This paper presents a numerical investigation in which thermal performance characteristics of pin fin heat sinks enhanced with phase-change materials (PCMs) designed for cooling of electronic devices are studied. The paraffin RT44 HC is poured into the aluminum pin fin heat sink container, which is chosen for its high thermal conductivity. The effects of different geometrical parameters, including number, thickness and height of fins, on performance are analyzed. Different aspects for heat transfer calculation, including the volume expansion in phase transition as well as natural convection in a fluid zone, are considered in the study. In order to validate the numerical model, previous experimental data and the present results are compared, and an acceptable agreement between these two is observed. Results show that increasing the number, thickness and height of fins leads to a significant decrease in the base temperature as well as operating time of the heat sink.

Because of the fast development of modern technology and miniaturization of electronic packaging, new electronic devices generate a large amount of heat, which threatens their performance and efficiency. Therefore, thermal management of effective cooling systems has become one of the most important considerations in design of different pieces of electronic equipment. Considering the effects of temperature on the performance of electronic devices, an effective thermal design should be able to keep the working temperature of devices below their allowable maximum temperature during the entirety of normal operation.

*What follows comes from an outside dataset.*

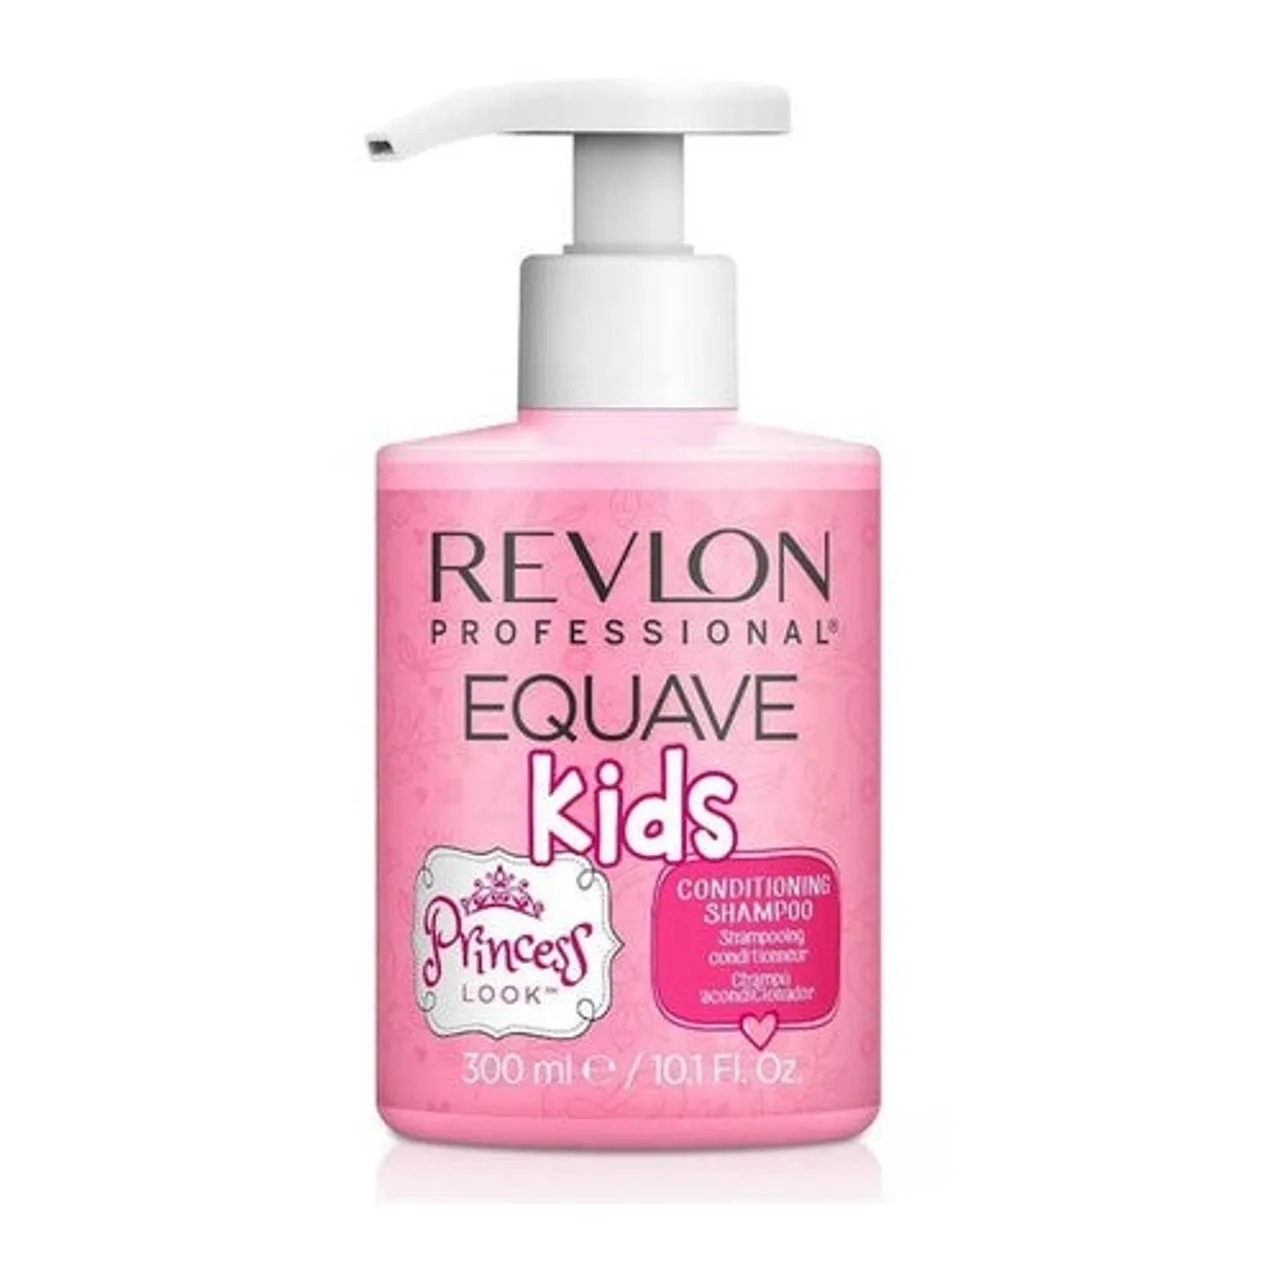 Revlon Equave Kids Princess Look 2-in-1 Shampoo 300 ml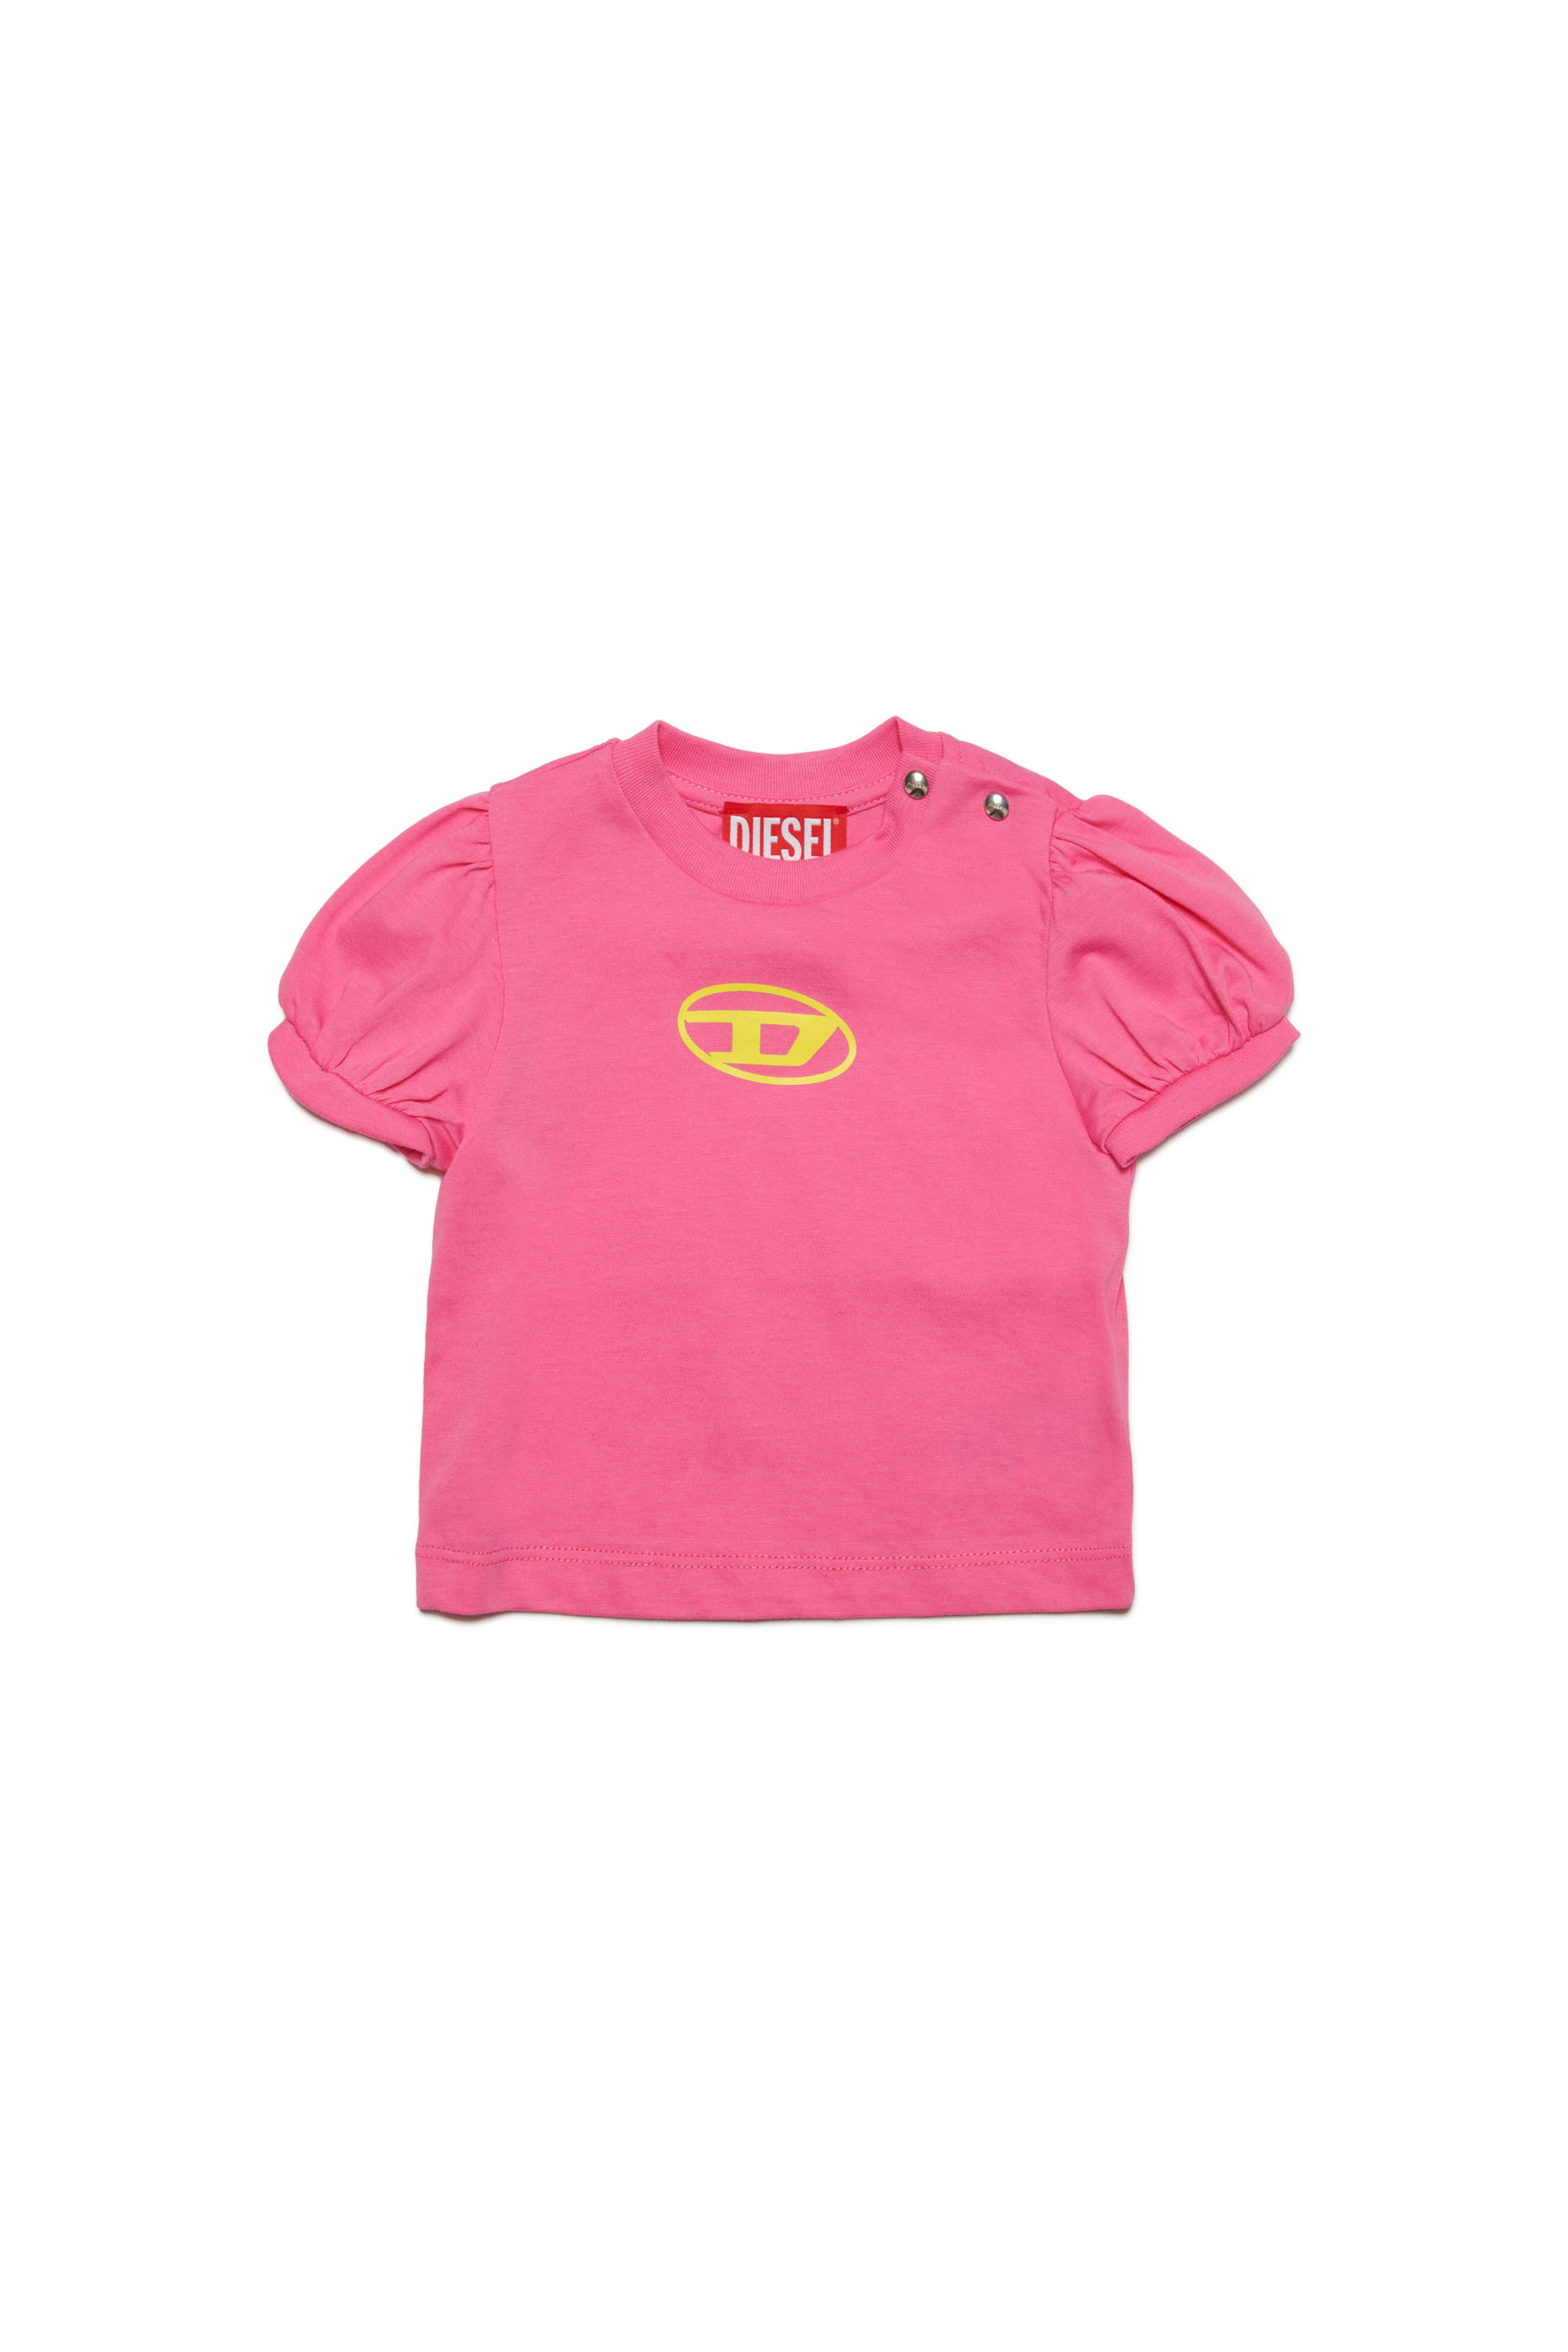 Diesel - T-shirt con maniche a sbuffo e logo Oval D - T-shirts e Tops - Donna - Rosa

There are common techniques, including air cooling, liquid cooling, piezoelectric pump and heat pipes, to remove high heat flux effectively from heat-generating electronic devices. Thermal energy storage, as a cooling method for electronic applications, is one of the techniques that have been widely researched in recent years. The thermal properties of some phase-change materials (PCMs), including melting- and solidification-related specifications, are listed by Abhat (1983). High latent heat of fusion, the capability of being a heat source at a constant temperature, and chemical stability are three of the favorite properties of PCMs. However these materials have the undesirable property of low thermal conductivity, which brings about a serious challenge in design application of PCM-based electronic cooling systems. In order to overcome this drawback, different techniques of enhancement have been proposed, including fins (Eftekhar et al., 1984; Henze and Humphrey, 1981), metal matrices (Ettouni et al., 2006) and nanoparticles (Ranjbar et al., 2011; Hosseini et al., 2013).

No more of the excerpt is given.